Callers pass arbitrary refs (e.g. secret://ad/svc/password). Vault paths are hierarchical (slashes have semantic meaning), so mirroring those slashes into Vault would create awkward, unreviewable hierarchies and would couple the on-vault layout to how callers happen to format their refs today. Instead, IdentityMesh maps each ref to a stable flat path:

secretRef  →  PathPrefix + "im-" + lowercase-hex(SHA-256(secretRef))[:32]

For example, with PathPrefix = "identitymesh/", secret://ad/svc/password becomes identitymesh/im-3f2a1b... — predictable, collision-resistant (128 bits), and never truncates a long ref. The engine logs the mapping at INFO when it writes a secret, so you can correlate refs to vault paths when needed.
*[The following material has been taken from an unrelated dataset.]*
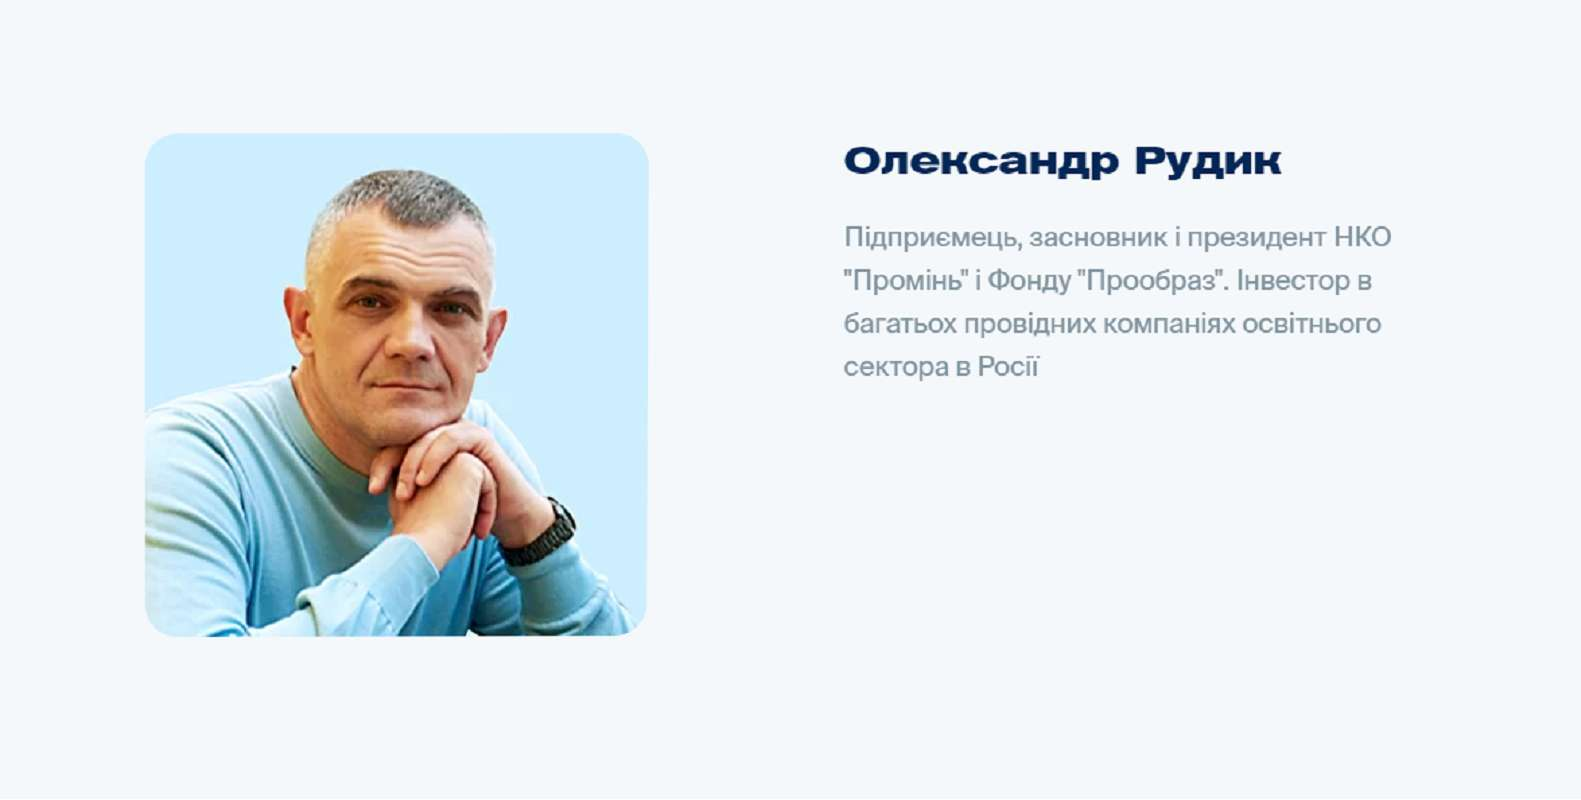 Проминь Медведчука: как лидер ОПЗЖ создавал аналог соросят - фото 5

The mapping is one-way (you can’t recover the original ref from the vault path). Keep the ref strings in your connector configs as the canonical identifier; the vault path is an implementation detail.

Provisioning a secret

Secrets are still provisioned via the Admin UI / Admin API exactly as they are with the DPAPI and Key Vault stores. The engine handles the encoding-and-storage step transparently:

  1. Operator enters the cleartext in the Admin UI.
  2. The Admin API calls ISecretStore.SetAsync(ref, bytes).
  3. With Secrets:Provider = HashiCorpVault, that resolves to the HashiCorp Vault store, which Base64-encodes the bytes and calls WriteSecretAsync against the configured KV v2 mount.
  4. The connector config keeps only the ref. Rotation is ref-stable: re-setting the same ref creates a new KV v2 version, the engine always reads the current version.

What if the vault is unreachable

The engine attempts to read the secret on each connector run. If Vault is unreachable (network outage, sealed vault, AppRole revoked, mount deleted) the connector run fails with the underlying VaultApiException surfaced. The watermark is not advanced, so the next run re-tries from the last good checkpoint.
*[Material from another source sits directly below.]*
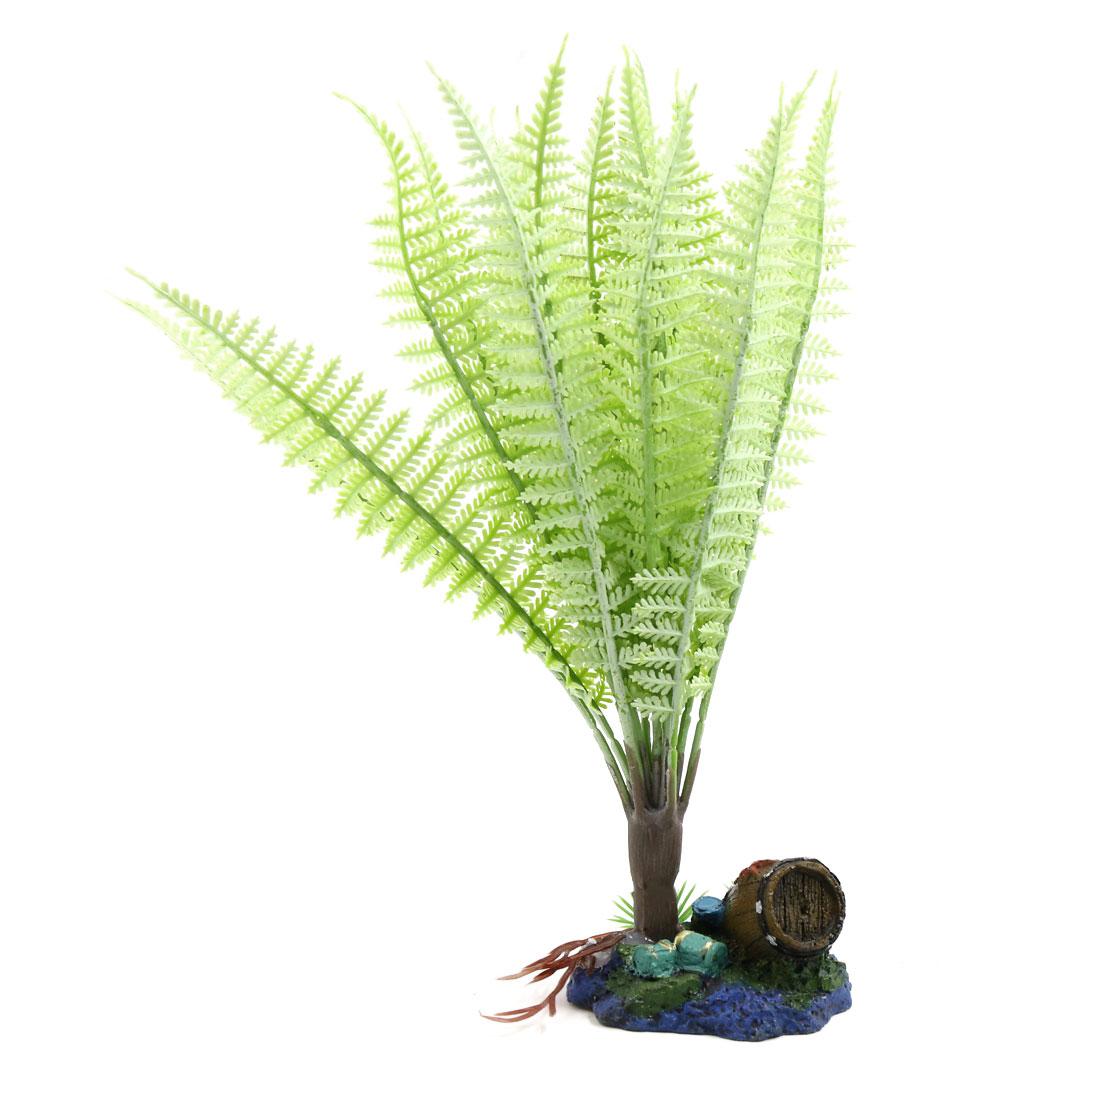 Light Green Plastic Plant Reptiles Tank Terrarium Landscape Decoration Ornament

Common failure modes to monitor:

For longer outages, vault availability — not IdentityMesh — is the SLA you should monitor. Use Vault’s own health endpoints and metrics to decide whether the engine is the right place to alert.
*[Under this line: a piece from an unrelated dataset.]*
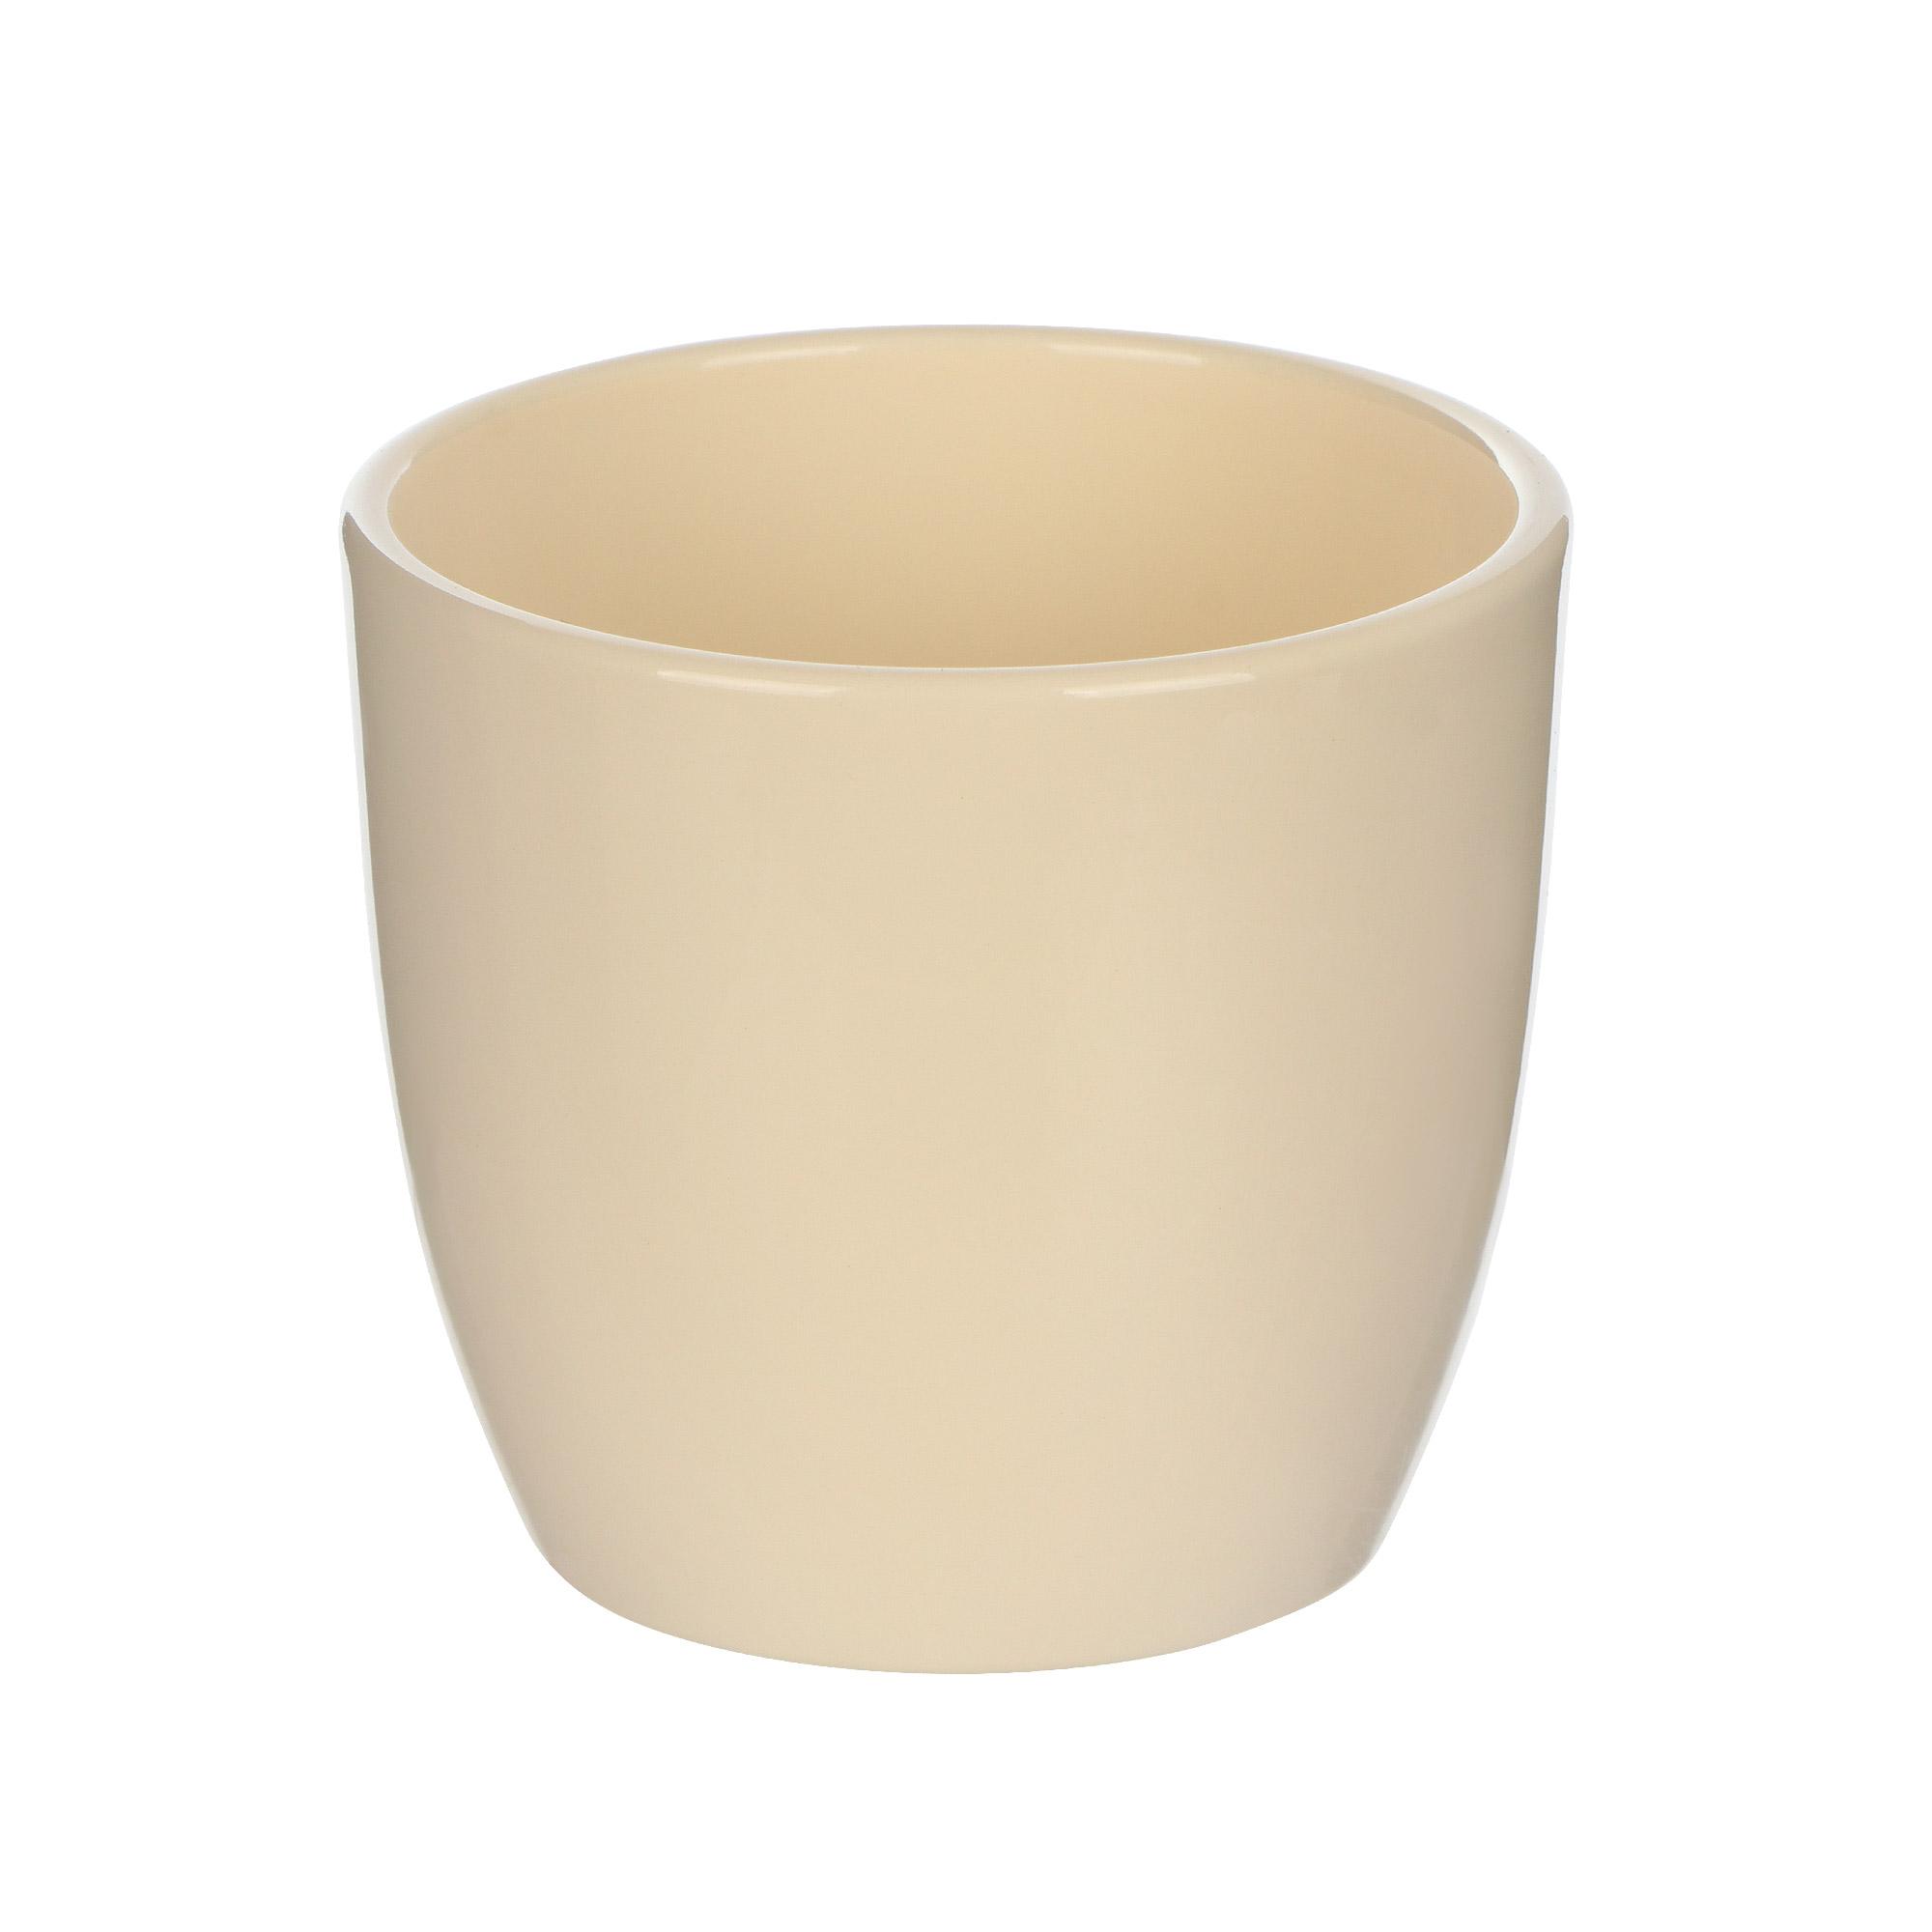 Кашпо Soendgen basel d08 глянцевый ваниль недорого

Migration from DPAPI to HashiCorp Vault

There is no automated migration today. The procedure is:

  1. Provision the Vault mount and a policy granting the engine’s AppRole create, update, and read on the IdentityMesh path prefix.
  2. Take the engine offline.
  3. For each secret in the existing DPAPI store, re-enter the cleartext via the Admin UI. With Secrets:Provider already flipped to HashiCorpVault in the engine’s config, the new value lands in Vault under its mapped path.
  4. Restart the engine.

The DPAPI rows in IM_Secrets remain in the database after migration. They are unused but harmless; an explicit cleanup pass can purge them once you’re confident the Vault store is the source of truth.